However, nail styles changed with every decade. Women kicked the short/round style to the curb by the end of the 1930s. Joan Crawford changed the game with pointy nails painted deep shades of red. Photographs of the star helped to popularize the style. Who could resist that look?


During the 1950s, longer, almond-shaped nails were all the rage. Stars like Elizabeth Taylor and Lucille Ball helped to spread that style. Between the 1960s and the 1980s, Western culture celebrated extra-long, oval or “squoval” shaped nails (The squoval shape is just what it sounds like, somewhere between a square and an oval). Since the beginning of the 1990s, nail trends have been a mixed bag; women wear all lengths and shapes of nails.

Breaking Records (and Nails)

Nail art has evolved quite a bit since the early 1900s when only a few colors of polish existed. Today, people can even win records for growing out their nails. The current world-record holder for the longest fingernails is a woman from Utah named Lee Redmond. Redmond started growing her nails in 1979, and she carefully tended them until they were over 28 inches long.

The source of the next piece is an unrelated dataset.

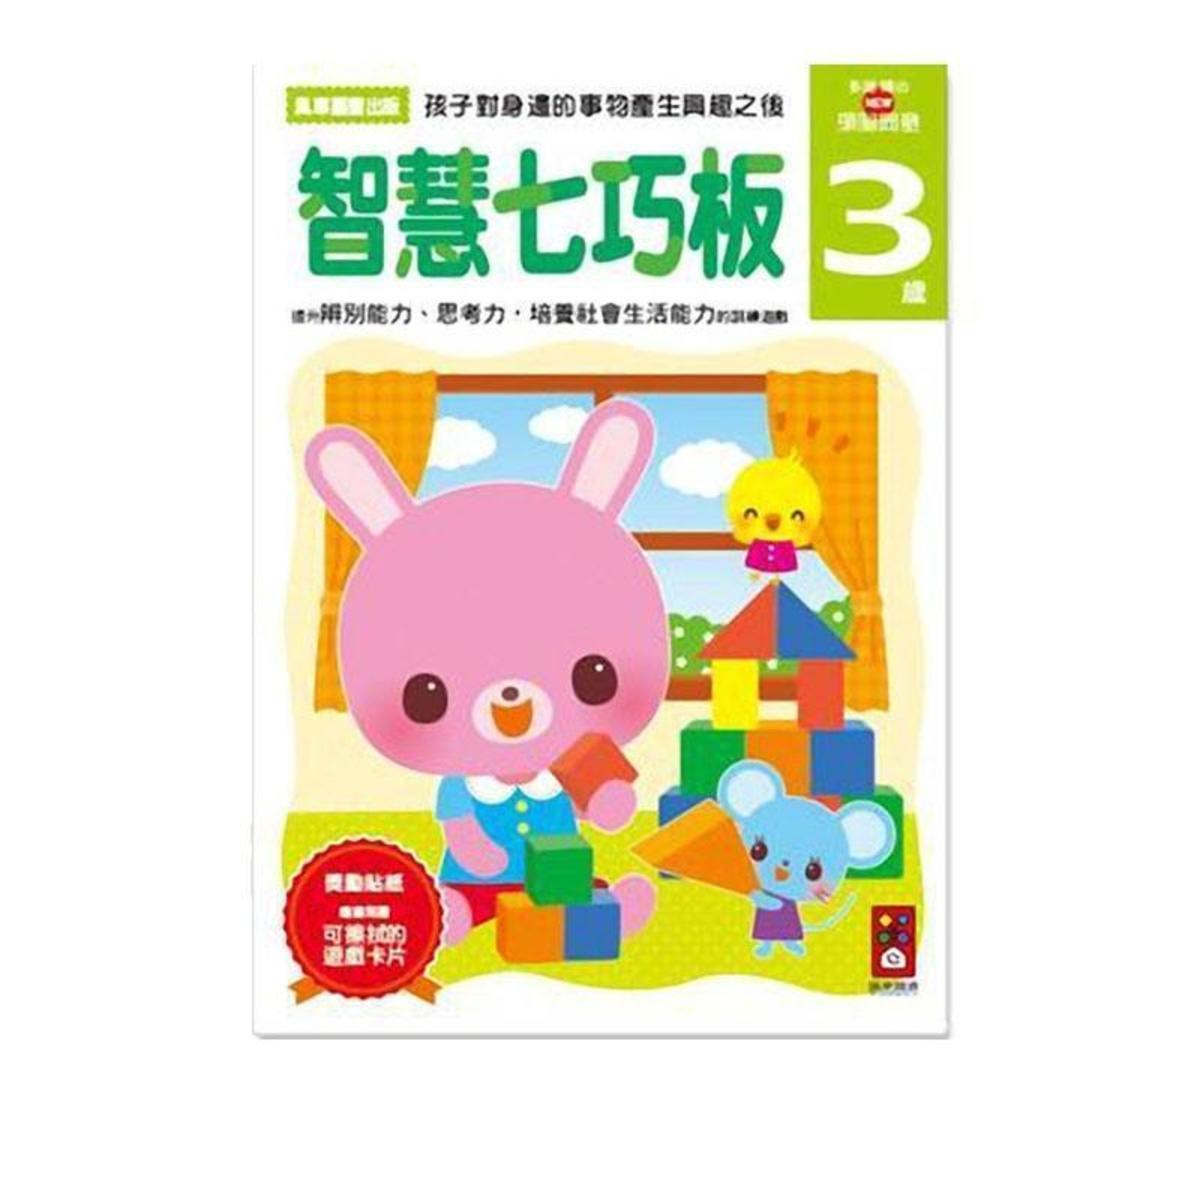 Publishing Smart Jigsaw Puzzle 3 years old - Multi-Huhui's NEW Mind Development Taiwan Import

Redmond lost her long nails in an automobile accident in 2009, and we’ll leave it up to you to decide if that’s a tragedy or a relief. Redmond herself is okay with the change. A 2009 AP story reports that “Redmond…says it’s now much easier to do things and her hands seem to fly with the weight of the nails gone.”

The record-holder also said she wouldn’t grow her mega-nails back a second time, but who knows? Maybe 30-feet fingernails will be the next big trend in nail fashion.